Isn’t the #1 violation that’s going to courts – pot possession ? So if the legal systems #1 cash cow is threatened…….
Hmmm.
Your exactly right Jim. They’re afraid that some of them will lose their jobs because there will no longer be the need for the huge number of employees in the massachusetts DA’s office. When, not if, the question of marijuana decrim passes they’ll all be in fear of possible cuts to funding. This is the first step in legalization.
They could go to the big pot growers and beg for jobs as security guards walking outside the fences around commercial crops. You are correct about them fearing losing their money, Shasta County, California just got a record year bringing in more than 400,000 plants credited, for the most part, to Mexican cartels. They are now eligible for a considerably larger amount of money next year to combat the deadly cartel influx into the National Forests.
As a medical cannabis patient I regard sloppy forest grows as a nuisance and generally bad for the entire movement. The hippies in the hills developed mini-patching technologies years ago, not as easy to spot from the air as the larger multi-thousand plant grows…just a hole with layers of organic fertilizers and a plant on top. Not much damage to the environment there and whatever is left over after harvest will feed any neighboring trees.
One of the many lies the DRUG LEGALIZATION LOBBY funded by George Soros is telling is that they are not funding studies like the one by “Harvard economist Dr. Jeff Miron,” which claims that Massachusetts’ taxpayers spend $29.5 million a year just to arrest and book offenders who possess about 28 grams or less of marijuana. Never mind the lie that people are in jail for possession here. Soros gave $400K to get this on the Mass. ballot. Also, did you know that pot possession cases in Mass. are already automatically continued with a year on probation, followed by dismissal if it doesn’t happen again? And it can be sealed from your record upon request? This proposed change in the law would make it so you could get caught as many times as you like. And you could get a college scholarship even if you’re caught ten times, which everyone knows means you are a dealer. A 17 year old dealer on your child’s or grandchild’s college campus can have multiple charges for possession with less of a penalty than there is for alcohol. Think about it. Vote NO on Question 2.

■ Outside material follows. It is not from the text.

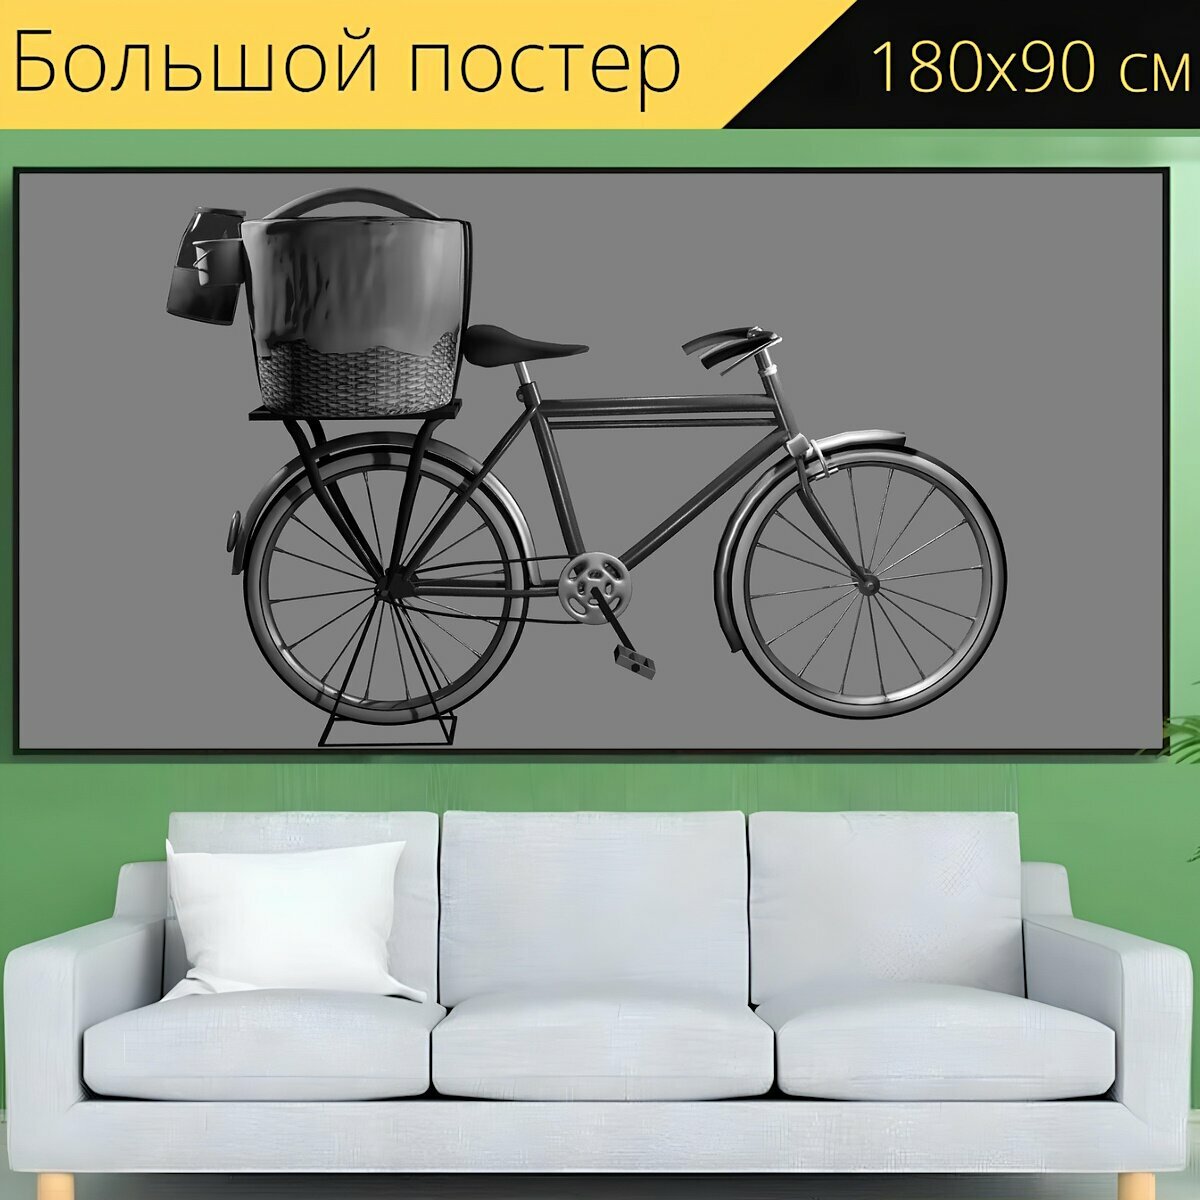 Большой постер "Велосипед, корзина, транспорт" 180 x 90 см. для интерьера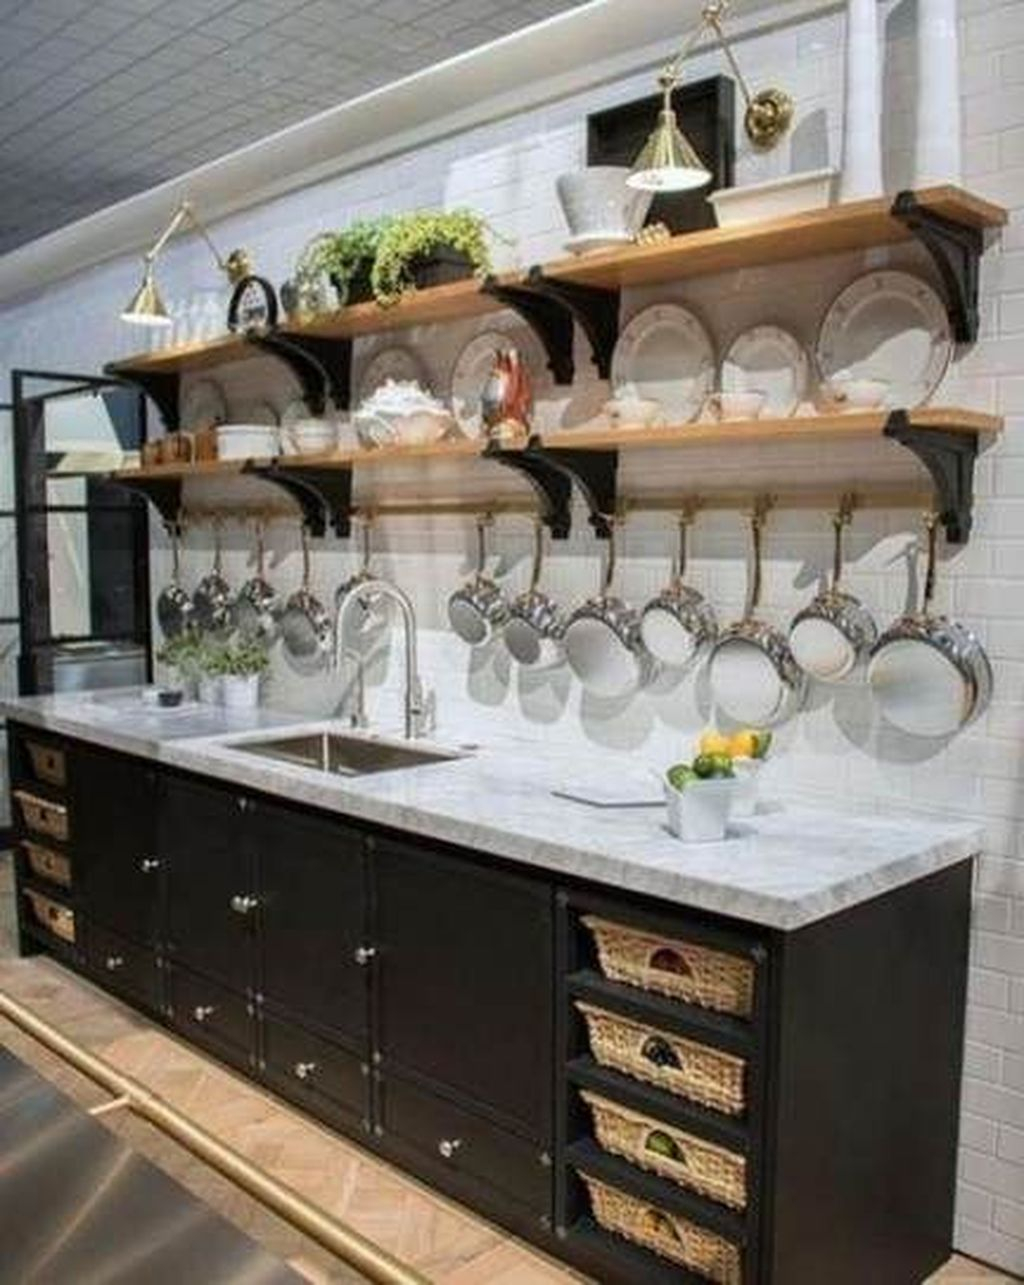 Wonderful Industrial Kitchen Shelf Design Ideas To Organize Your Kitchen18

At MPP’s blog, we welcome dialogue, even with those who disagree. But we do find it disheartening that opponents of reform can’t seem to resist basing their case on straw man arguments, red herrings, and distortions.
The “lie that people are in jail for possession” in Massachusetts is a figment of the poster’s imagination. It’s not an argument that the Committee for Sensible Marijuana Policy, which backs Question 2, has made, and it’s not one MPP has made regarding Massachusetts either.
What does happen is that a Criminal Offender Record Information (CORI) report is generated at the time of arrest — not conviction — and these records do in fact haunt people for life.
The poster then raises another straw man argument, imagining a hypothetical 17-year-old dealer with 10 marijuana arrests (but miraculously never caught selling) getting a college scholarship. This odd flight of fantasy is used to avoid dealing with the fact that Question 2 is actually tougher on juvenile marijuana offenders than current law — requiring parental involvement, drug education, and community service.
And anyone who thinks MPP has hidden the fact that we’ve supported some of Dr. Miron’s research might want to look here: http://www.prohibitioncosts.org/mironreport.html. But I guess attacking the funder is easier than dealing with the substance of Dr. Miron’s work, given that his national study of the budgetary effects of marijuana prohibition was endorsed by over 500 economists, including three Nobel laureates.